Encyclopedia of Life media push

Filed under: biodiversity informatics, citizen science — cyndy @ 2:03 pm

Yesterday I got scads of emails spreading the news that the big Encyclopedia of Life effort is launching, and of course the media are properly excited. The YouTube video doesn’t hurt. EOL aims to deliver rich pages on every species ever described (1.8 million and counting), and to do it with flash and panache.

EOL builds on the work of so many who have gone before — the list of potential sources for their mash-ups is impressive. But for the most part these efforts have never had the kind of financial resources and talent available to this project.

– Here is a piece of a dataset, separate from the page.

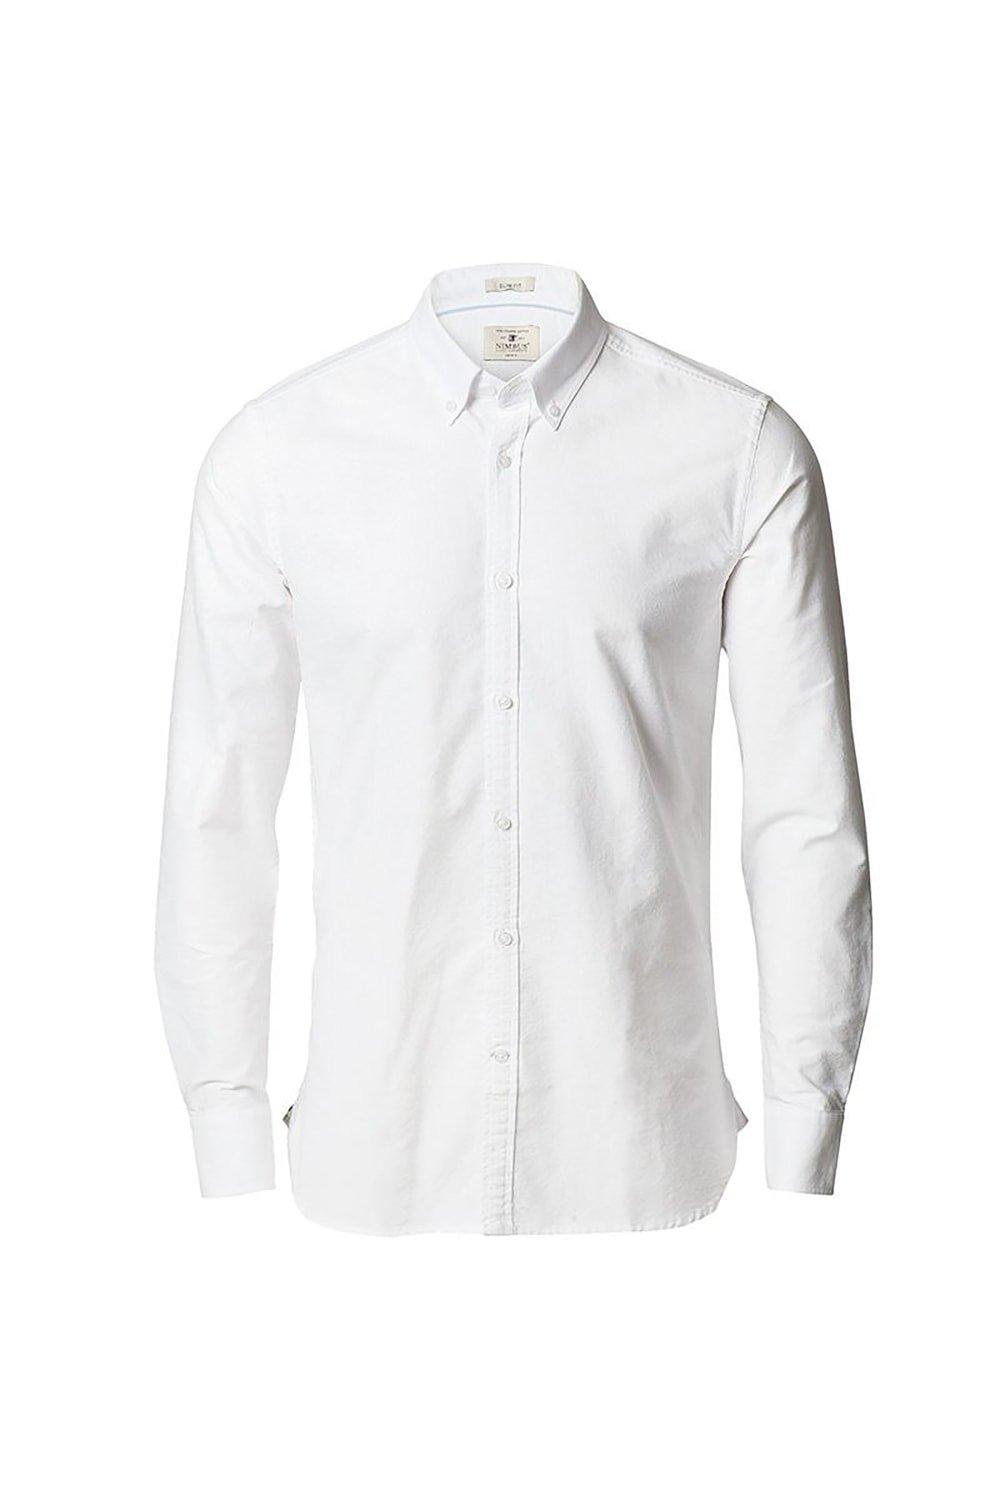 Оксфордская рубашка узкого кроя с длинными рукавами Rochester Nimbus, белый кофта на пуговицах 44 размер

It is incredibly ambitious. Pulling together information on species we know well will be hard enough — negotiating vast scattered resources whose structure varies. Often the information conflicts and somebody has to figure out how to handle those conflicts. That’s part of why we haven’t yet got a global resource like this. To pull together information on species we barely know will be even harder, as much of it is in rare books or in hidden museum drawers. These pages will be the most valuable, as they will be new to the digital universe.

They say it will take ten years to complete, but if they do it right it should never be finished — it will change as our knowledge grows, as controversies arise and are resolved and as the world itself changes.

Partnerships among academia and industry and the general public will make the difference. Unlike Wikispecies, which is a similar Wikimedia effort, the scientific community appears to be behind this because it is the product of a consortium of respected scientific instititutions. Industry brings the “entertainment” and interactive sides to this that will help draw the public in.

As a scientist, I’ll want to know whether you can really get DATA out of it — could I find what I need, download and conduct comparative analyses on it? Or would it be easier and safer to go to the original sources? Will it be clear where the scientific jury is still out?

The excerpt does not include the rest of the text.